Marxist theorist Leon Trotsky had advocated for national self-determination for the black population in South Africa. In response to the programmatic document of the South African Left Opposition, he wrote in 1935:

"We must accept decisively and without any reservation the complete and unconditional right of the blacks to independence. Only on the basis of a mutual struggle against the domination of the white exploiters can the solidarity of black and white toilers be cultivated and strengthened".

Through the 1930s, the first viable black trade unions in Transvaal, South Africa were established by Trotskyists.

Modern left-wing commentators have argued that capitalism promotes racism alongside culture wars over issues such as immigration and representation of ethnic minorities whilst refusing to address economic inequalities.

Socialist groups have also been closely aligned with a number of anti-racist organizations such as Love Music Hate Racism, Stand Up to Racism, Anti-Nazi League and Unite Against Fascism.

A number of socialist activists and organisations have linked reparations for slavery and colonisation with a wider set of anti-capitalist demands to reconfigure the world economy. In this view, a transition to a world socialist economy would redress reparations and upskill the quality of education, healthcare and living standards of marginalised communities and working classes.

===Science===

Friedrich Tiedemann was one of the first people to scientifically contest racism. In 1836, using craniometric and brain measurements (taken by him from Europeans and black people from different parts of the world), he refuted the belief of many contemporary naturalists and anatomists that black people have smaller brains and are thus intellectually inferior to white people, saying it was scientifically unfounded and based merely on the prejudiced opinions of travelers and explorers. The evolutionary biologist Charles Darwin wrote in 1871 that ‘[i]t may be doubted whether any character can be named which is distinctive of a race and is constant’ and that ‘[a]lthough the existing races of man differ in many respects, as in colour, hair, shape of skull, proportions of the body, &c., yet if their whole structure be taken into consideration they are found to resemble each other closely in a multitude of points.’

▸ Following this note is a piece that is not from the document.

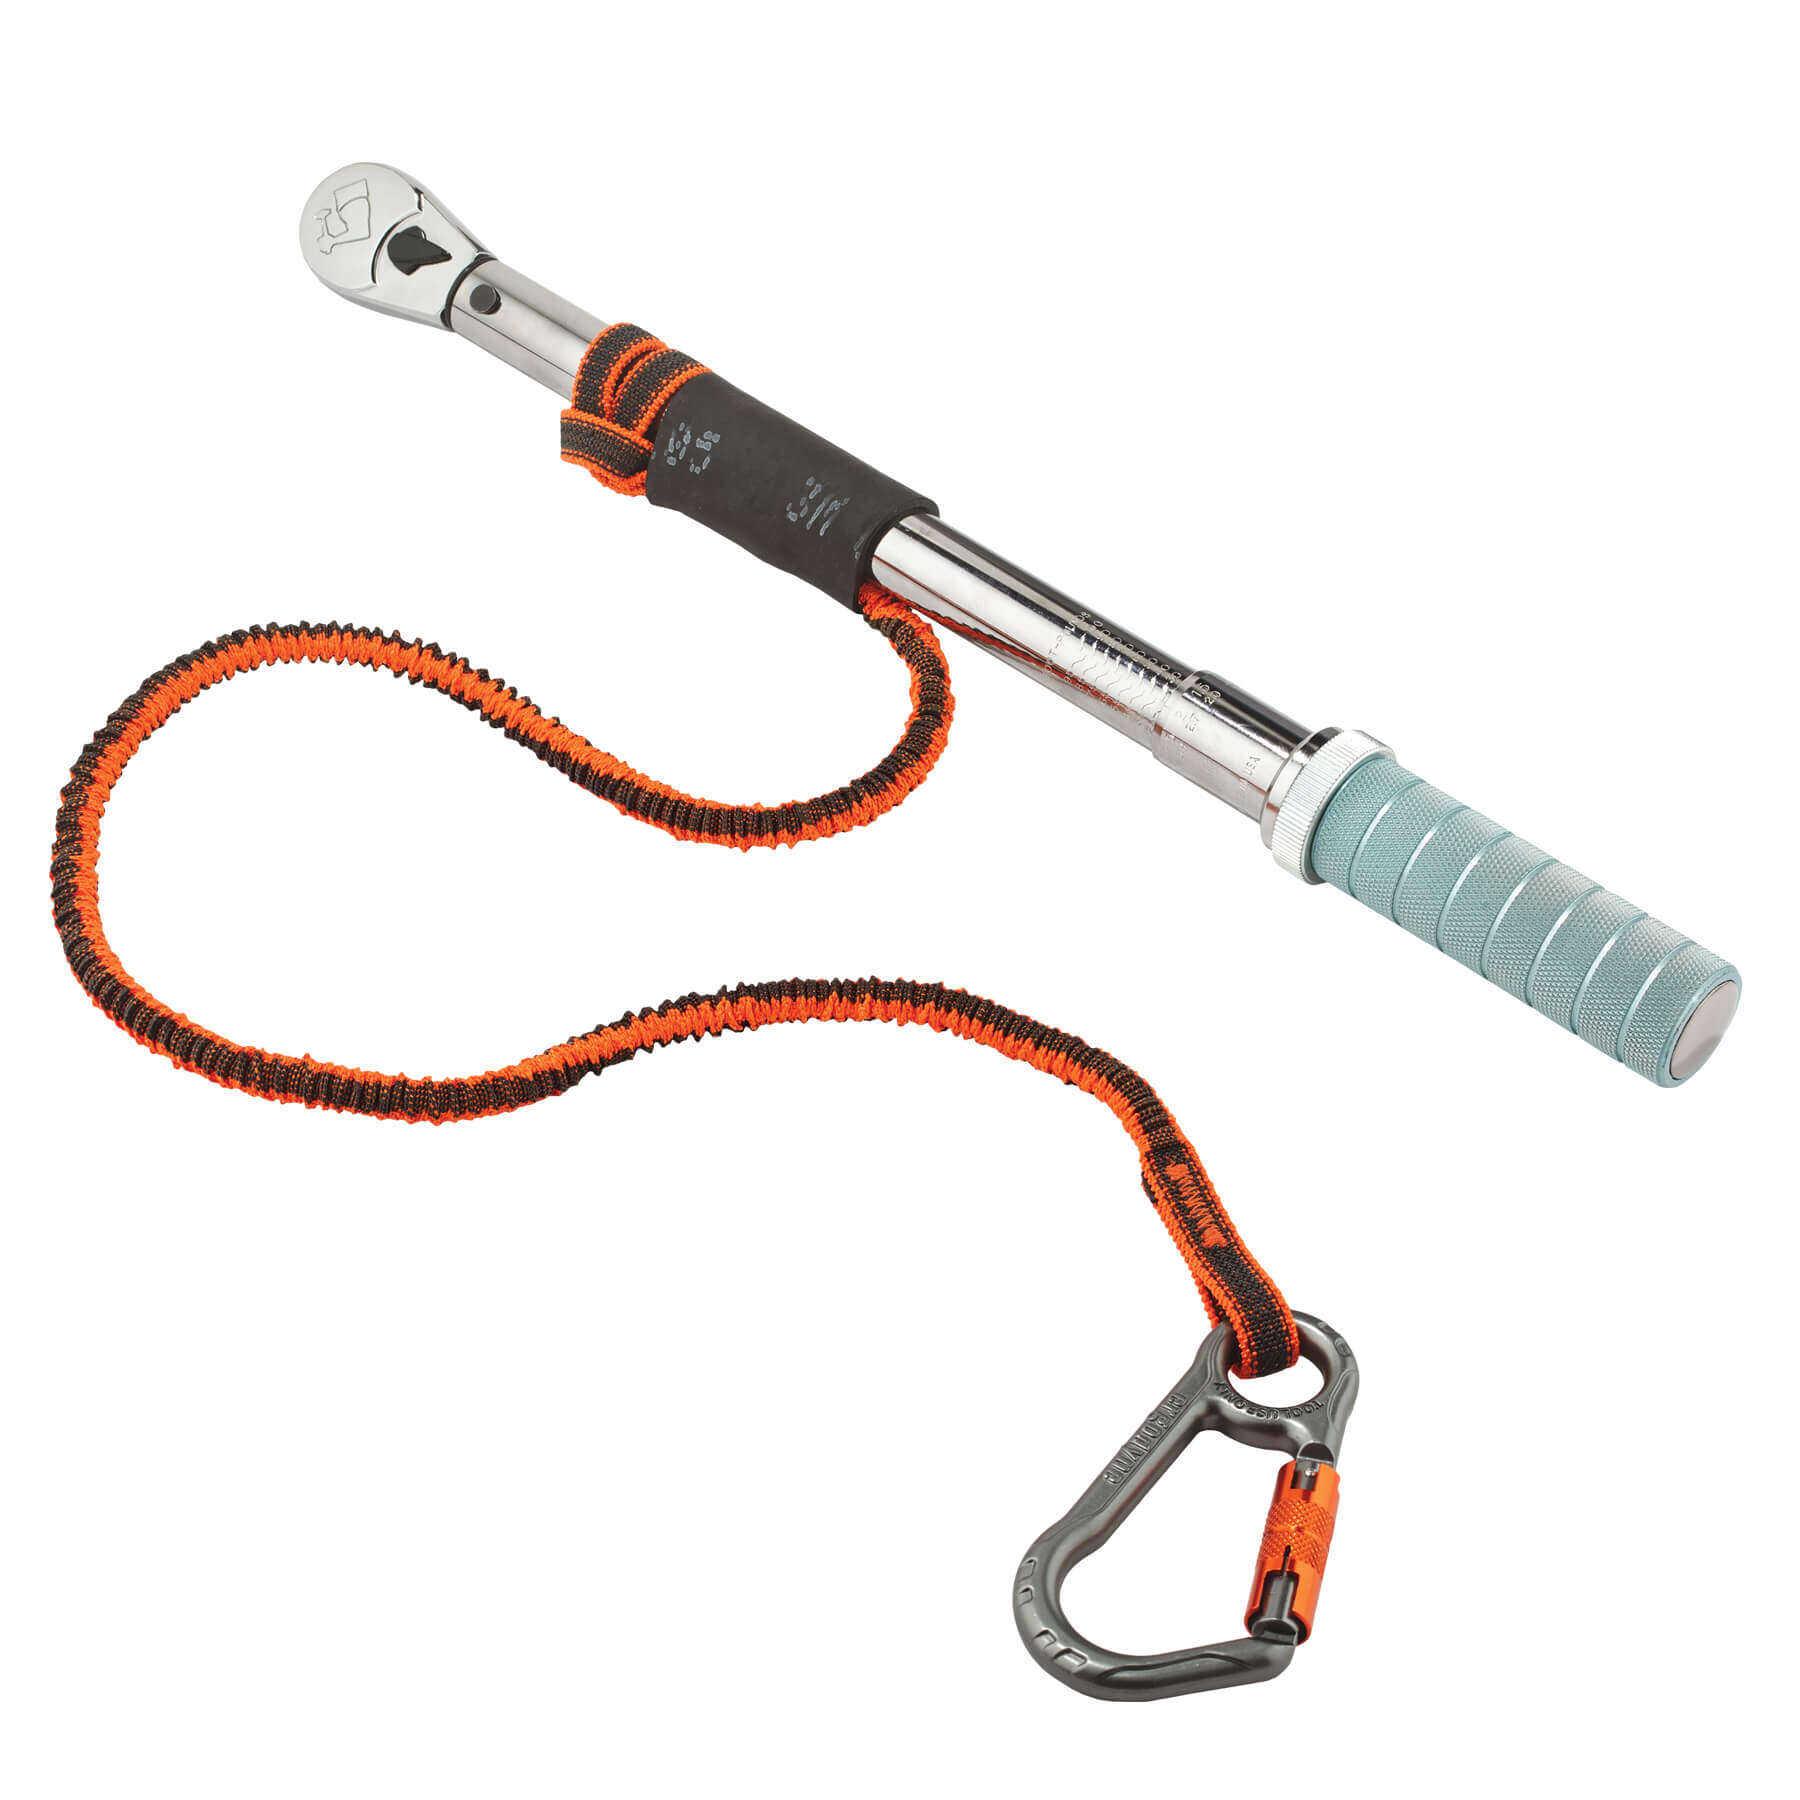 Squids® 3010 Retractable Tool Lanyard with Belt Loop Clip

German ethnographer Adolf Bastian promoted the idea known as "psychic unity of mankind", the belief in a universal mental framework present in all humans regardless of race. Rudolf Virchow, an early biological anthropologist criticized Ernst Haeckel's classification of humanity into "higher and lower races". The two authors influenced American anthropologist Franz Boas who promoted the idea that differences in behavior between human populations are purely cultural rather than determined by biological differences. Later anthropologists like Ashley Montague, Ruth Benedict, Marcel Mauss, Bronisław Malinowski, Pierre Clastres, and Claude Lévi-Strauss continued to focus on culture and reject racial models of differences in human behavior.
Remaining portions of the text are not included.